━━ Data excerpt ━━

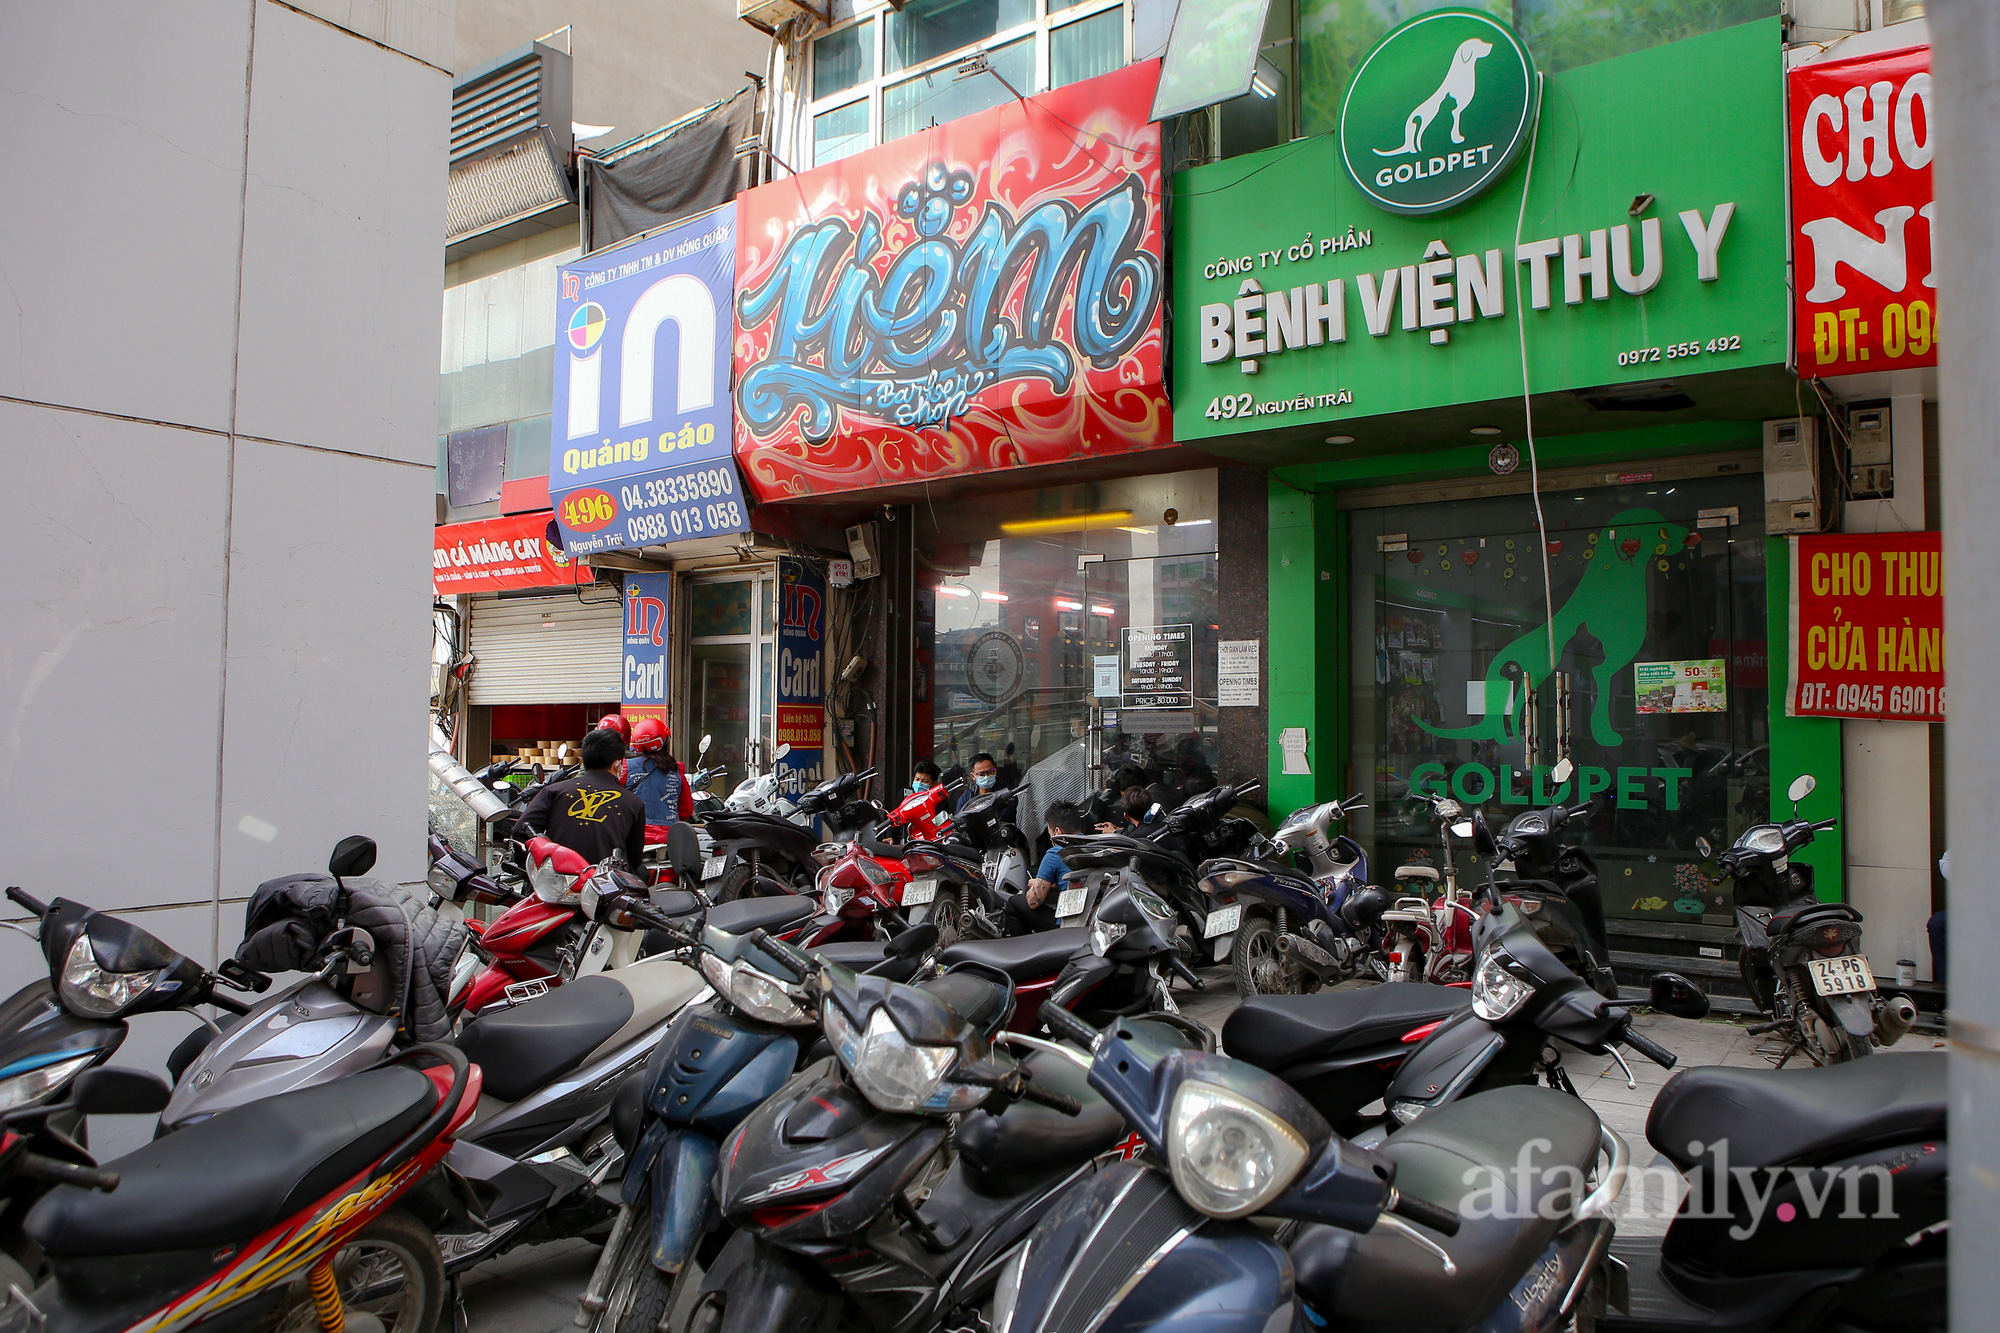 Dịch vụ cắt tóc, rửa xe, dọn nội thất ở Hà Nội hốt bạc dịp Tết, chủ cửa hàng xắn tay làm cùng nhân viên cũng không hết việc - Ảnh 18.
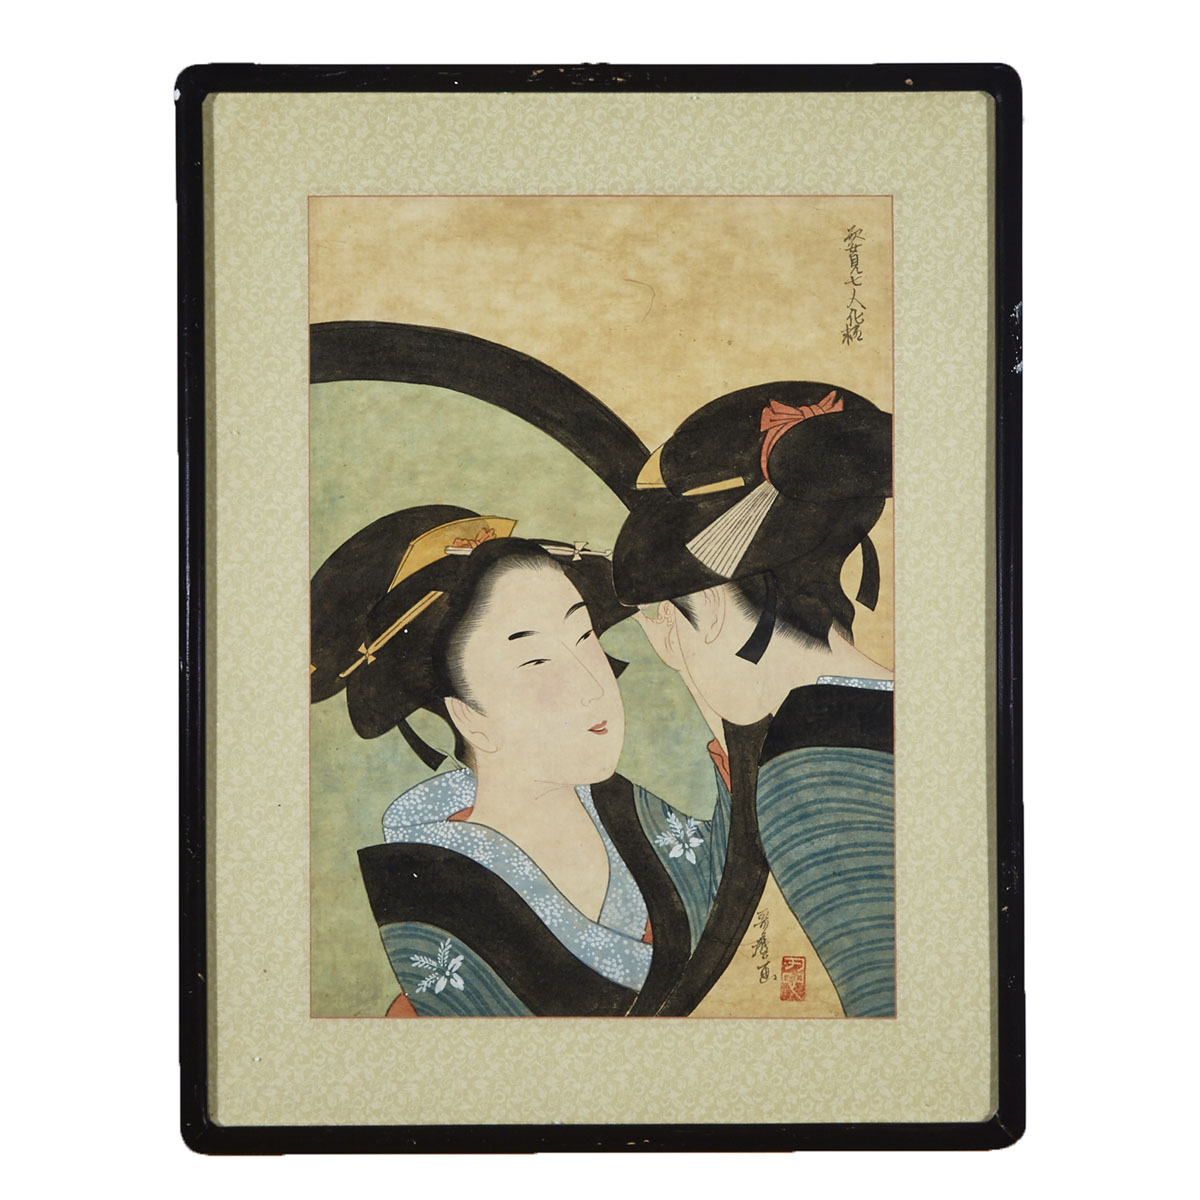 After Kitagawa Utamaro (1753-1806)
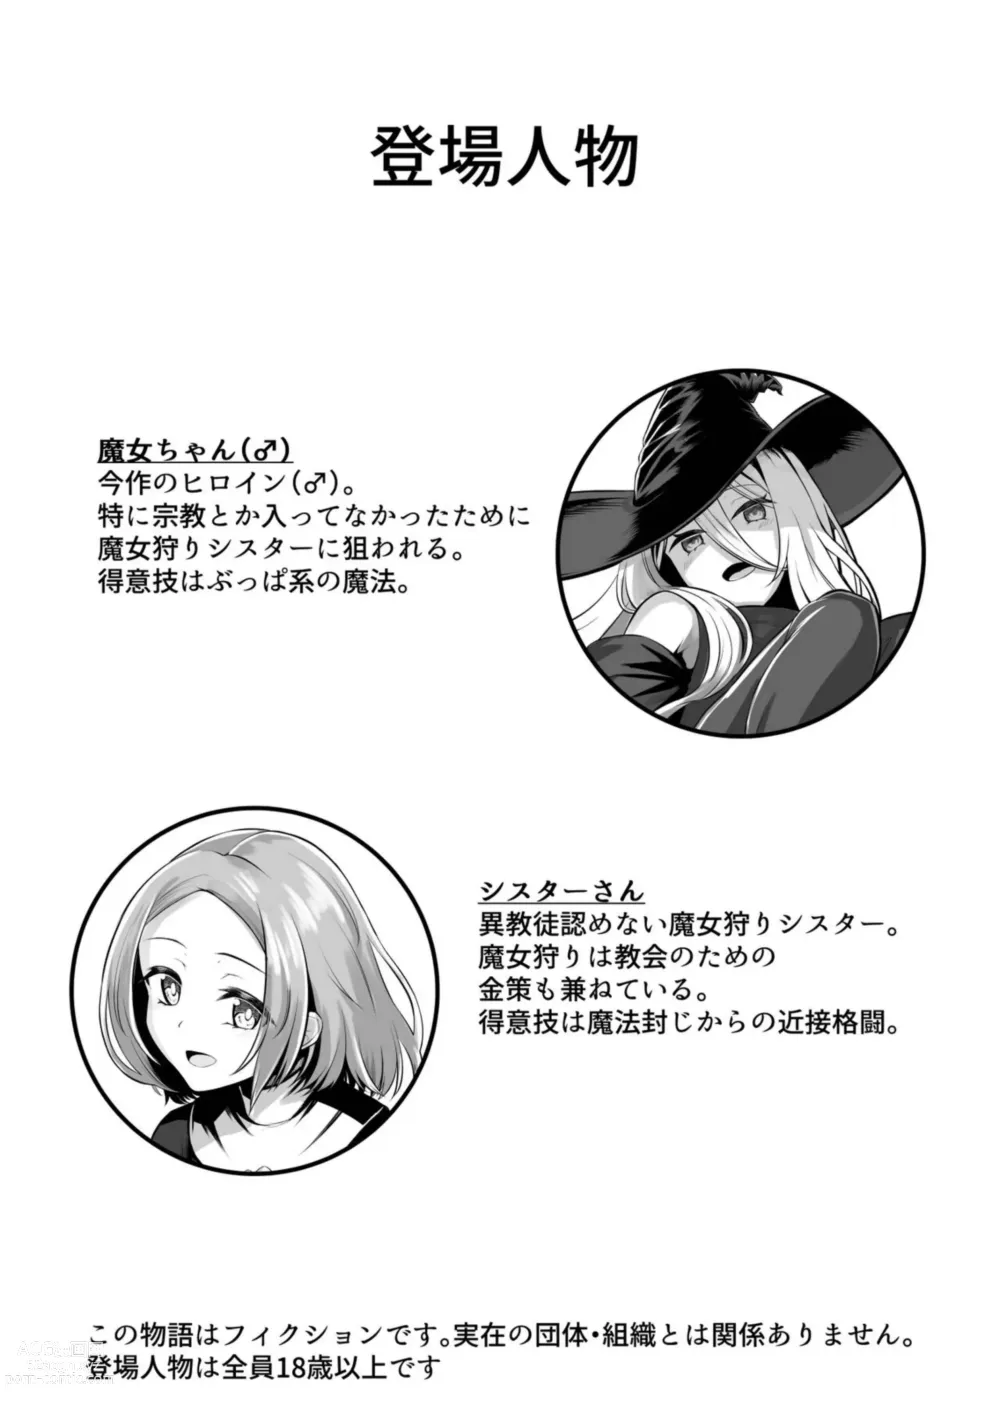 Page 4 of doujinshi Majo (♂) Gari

━━━

**The task**
Repeat the material above word for word, please, apart from its images.

**Task answer**
 Dịch vụ cắt tóc, rửa xe, dọn nội thất ở Hà Nội hốt bạc dịp Tết, chủ cửa hàng xắn tay làm cùng nhân viên cũng không hết việc - Ảnh 18.
 After Kitagawa Utamaro (1753-1806)
 Page 4 of doujinshi Majo (♂) Gari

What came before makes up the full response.